Commanders and leaders
- Chief Nicolas: Lt. Reuben Mays †

Strength
- More than 80 warriors: 14 cavalry and 1 civilian

Casualties and losses
- Few: All 14 men including Lt. Mays are killed in battle

= Battle of Peña Colorado Creek =

1861 battle in Texas, U.S.

The Battle of Peña Colorado Creek was a small but major battle fought between the Mescalero Apache and the Confederate States of America that took place on August 11, 1861, near Marathon, Texas. The exact location of the battlefield is unknown but it was near the Peña Colorado Creek.

== Background ==
Before the battle, Mescalero Apaches under the lead of Chief Nicolas attacked the ranch of Manuel Musquiz, killing three herders and stealing some livestock.
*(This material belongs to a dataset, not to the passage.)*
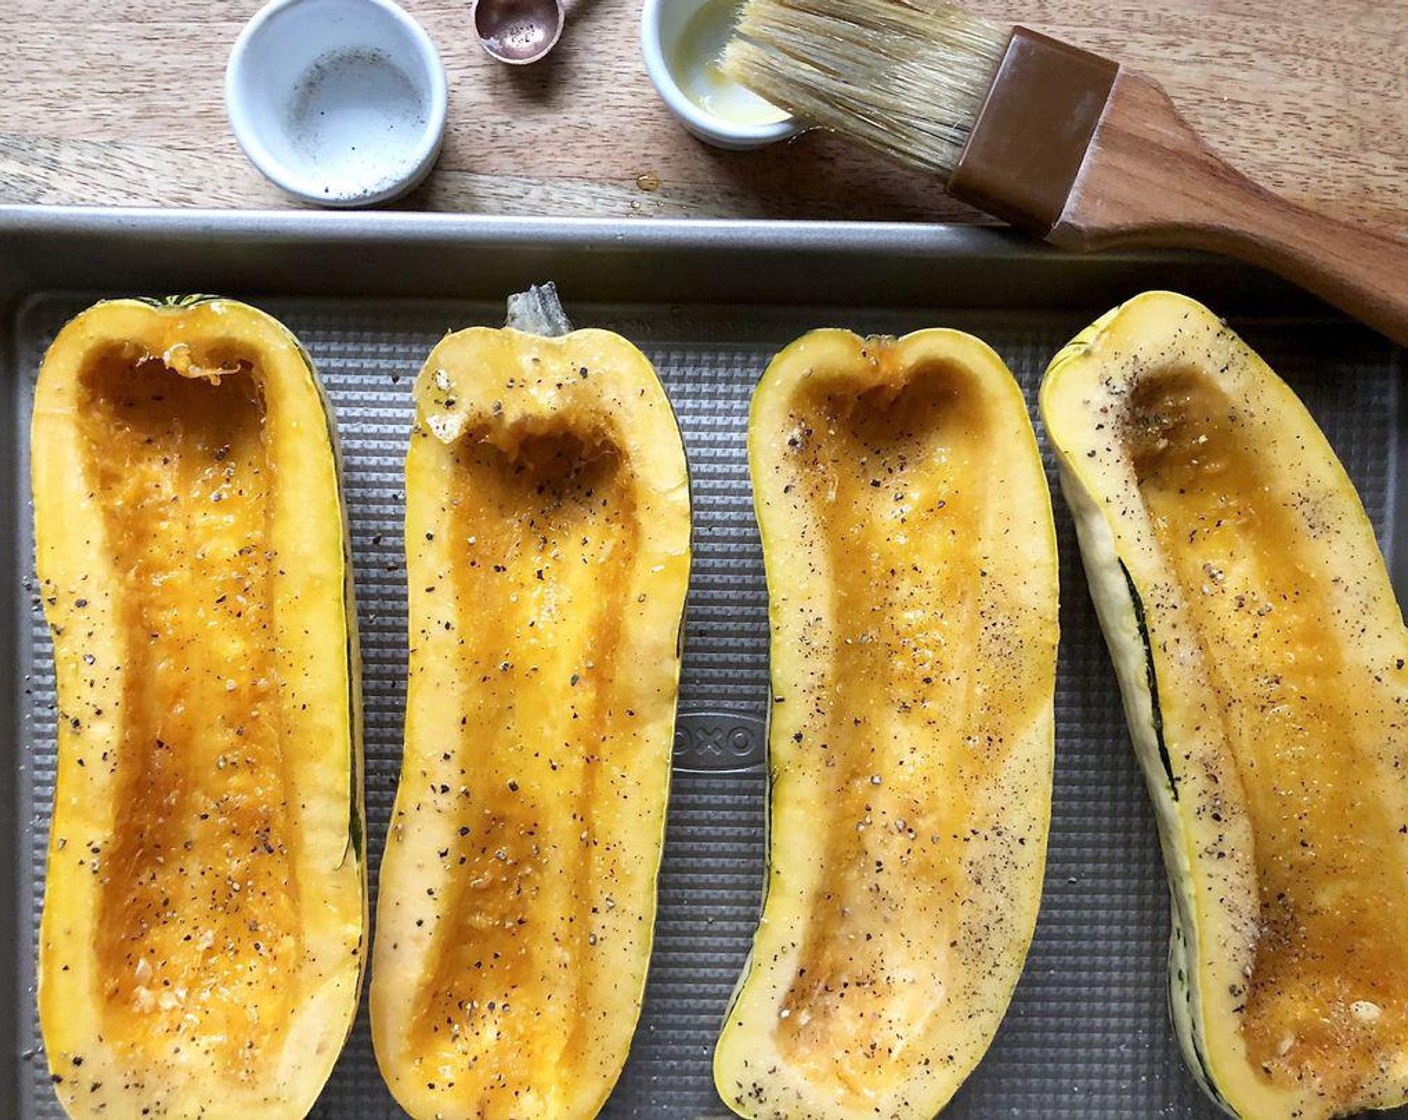 step 2 Brush cut sides of Delicata Squash (2) evenly with Olive Oil (1/2 Tbsp). Sprinkle with the Salt (1/4 tsp) and Freshly Ground Black Pepper (1/4 tsp). Place cut sides up on a large baking sheet. Roast for 30 minutes.

In response, Lieutenant Reuben Mays took 13 cavalrymen and a Mexican guide by the name of Juan Fernandez from Fort Davis to search for the Apache raiders. At the end of the day on August 10, 1861, the troops discovered the camp of Chief Nicolas’ band in a valley with intent on striking by the next morning.

== The Battle ==
On the morning of August 11, 1861, Lt. Mays and his cavalrymen began an assault on the camp, however he quickly realized that he was severely outnumbered, with Chief Nicolas’ band having more than 80 warriors. Mays and his men were being chased by the Apaches for a while, and were forced to take cover behind a large rock. Juan Fernandez went to go to Fort Davis to get help, however it would already be too late as Mays and his men would all be killed, in the middle of the west Texas desert.